The Lusitania's engines were tested in June 1907 and it was launched for its maiden voyage on 7 September. Although this drawing is docketed "As Fitted," it is stamped with a 25 November date, suggesting either that it was inspected and filed on that date, or perhaps redrawn for the files from earlier working drawings.

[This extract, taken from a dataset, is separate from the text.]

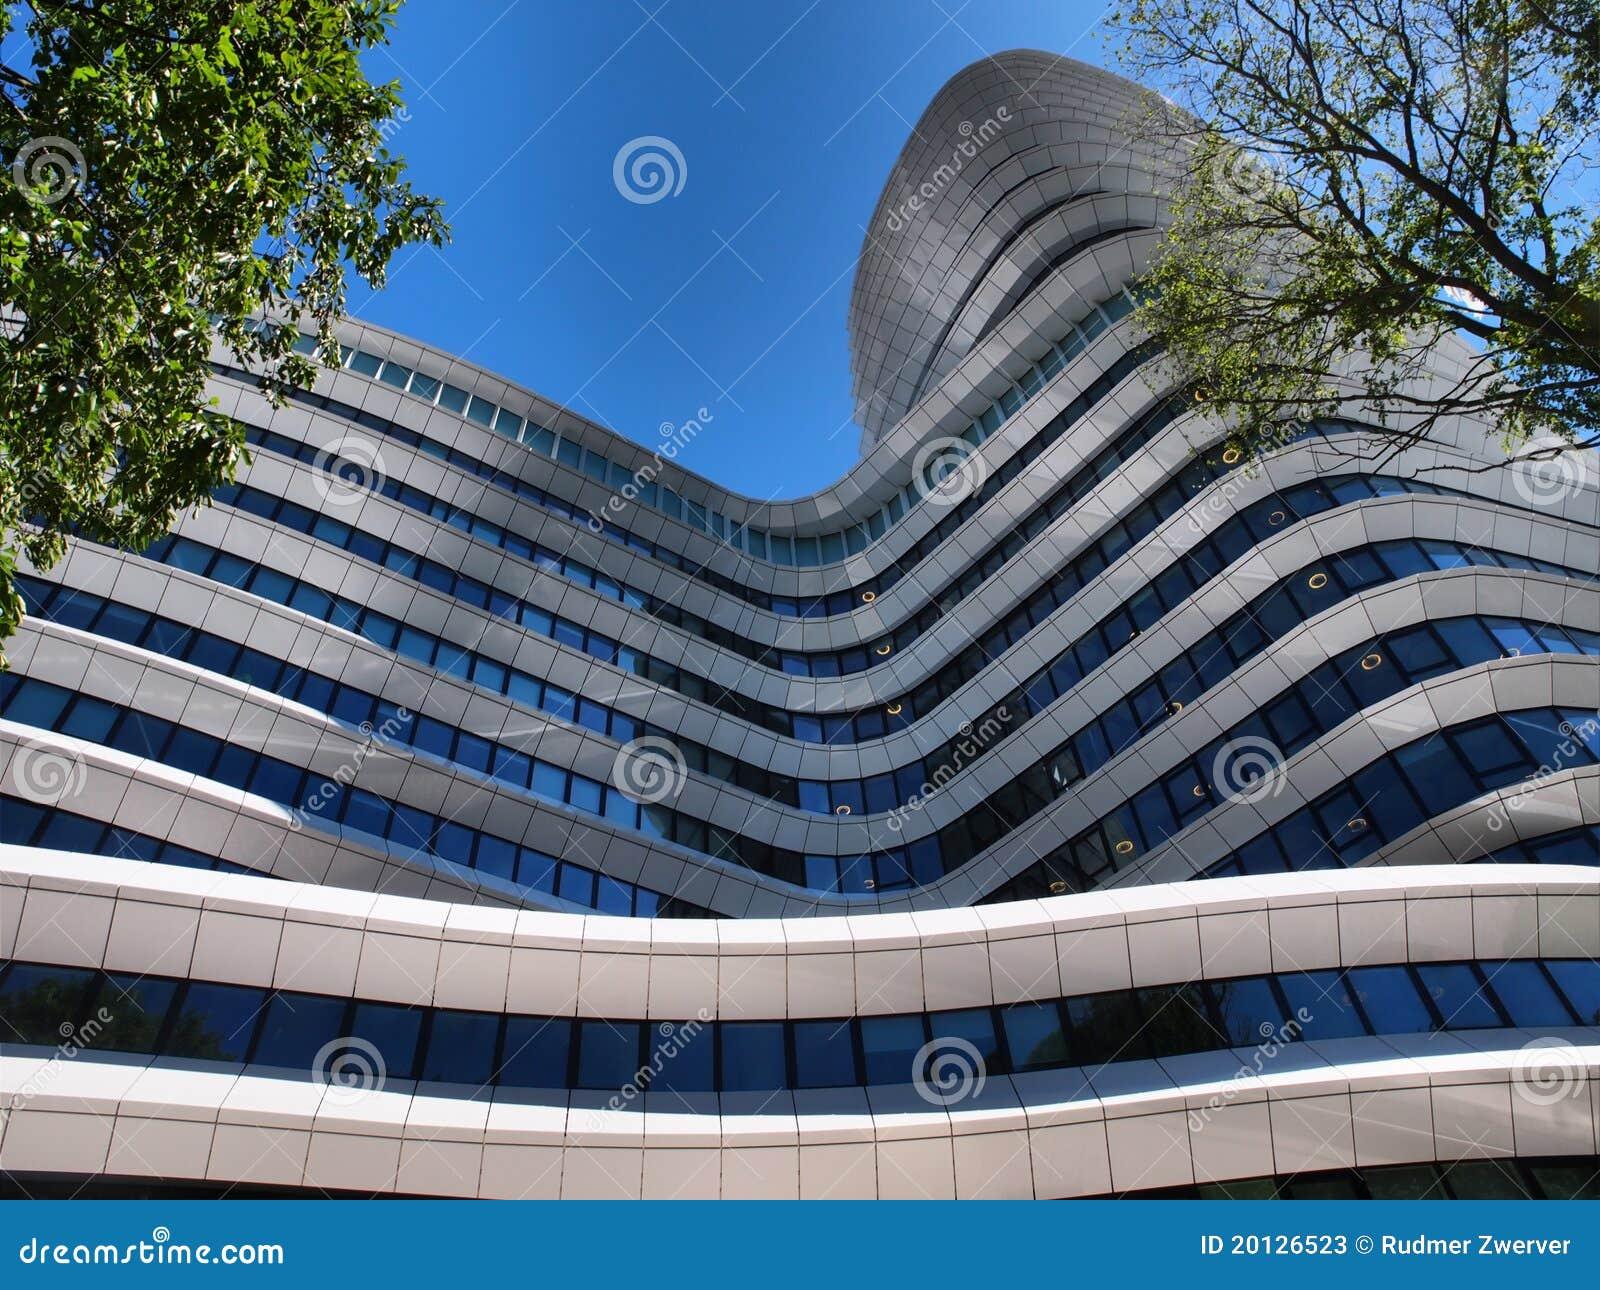 Immeuble de bureaux moderne photos stock image 20126523 for Image immeuble moderne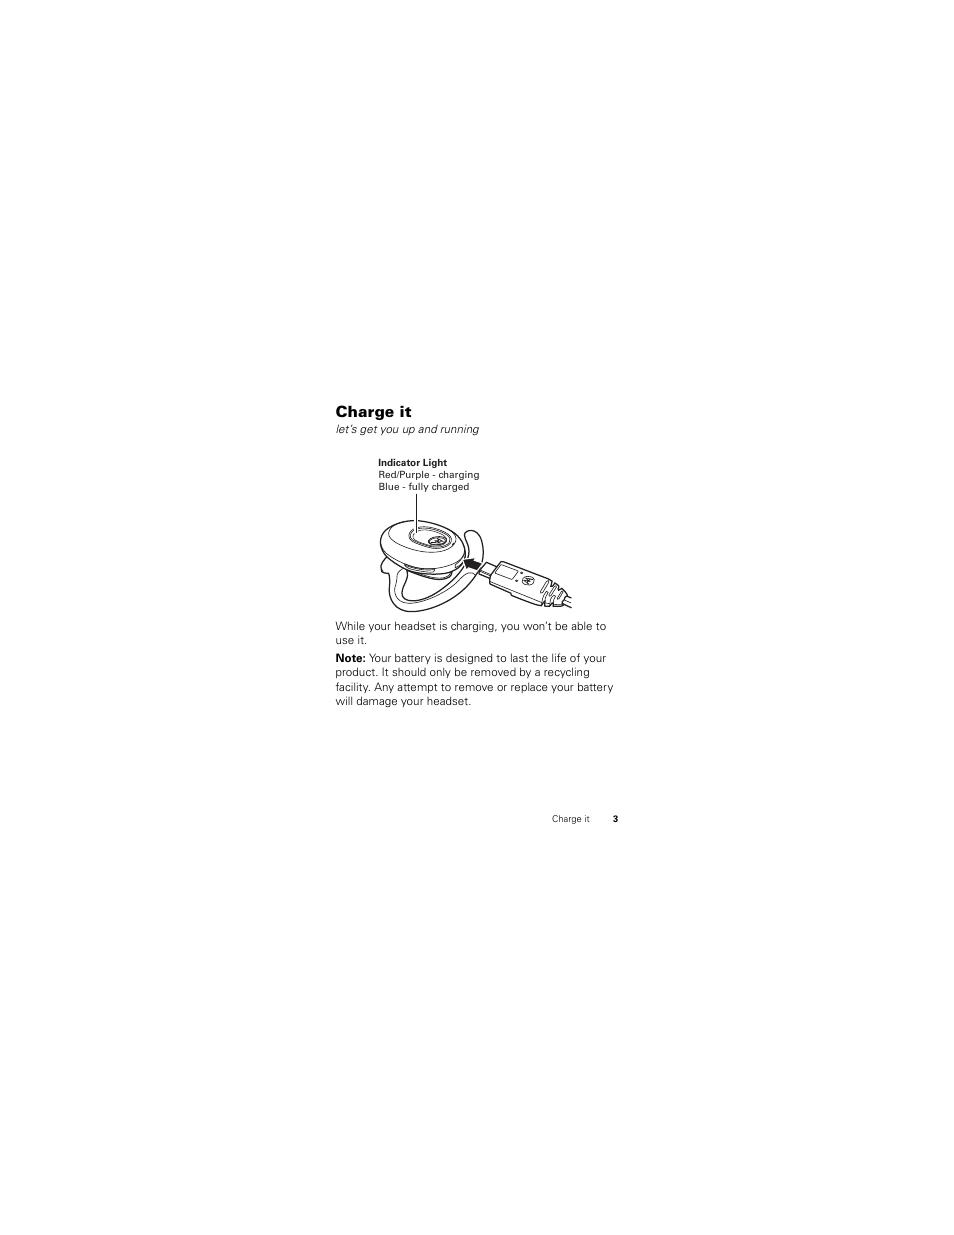 charge it motorola h730 user manual page 5 106 rh manualsdir com

Shortly after the torpedo hit the Lusitania in 1915, it was followed by a mysterious second explosion, causing a rapid failure of the ship's power systems and its unusually rapid sinking. Various theories have surfaced about that second explosion, but many researchers believe that a failure in the ship's steam engines and piping was the cause. This drawing, titled "Q.S.T.S. Lusitania, Arrangement of Steam Piping to Deck Machinery, Thermotanks, Galleys and Pantries, Main Deck Forw'd," may hold some clues to the disaster. An important artifact of a renowned ship and a terrible tragedy. with--a contemporary Velox real-photo postcard titled "S.S. Lusitania, arrival New York maiden voyage, Sept 13th 07" with ink stamp of Merritt & Chapman Derrick & Wrecking Co. on recto.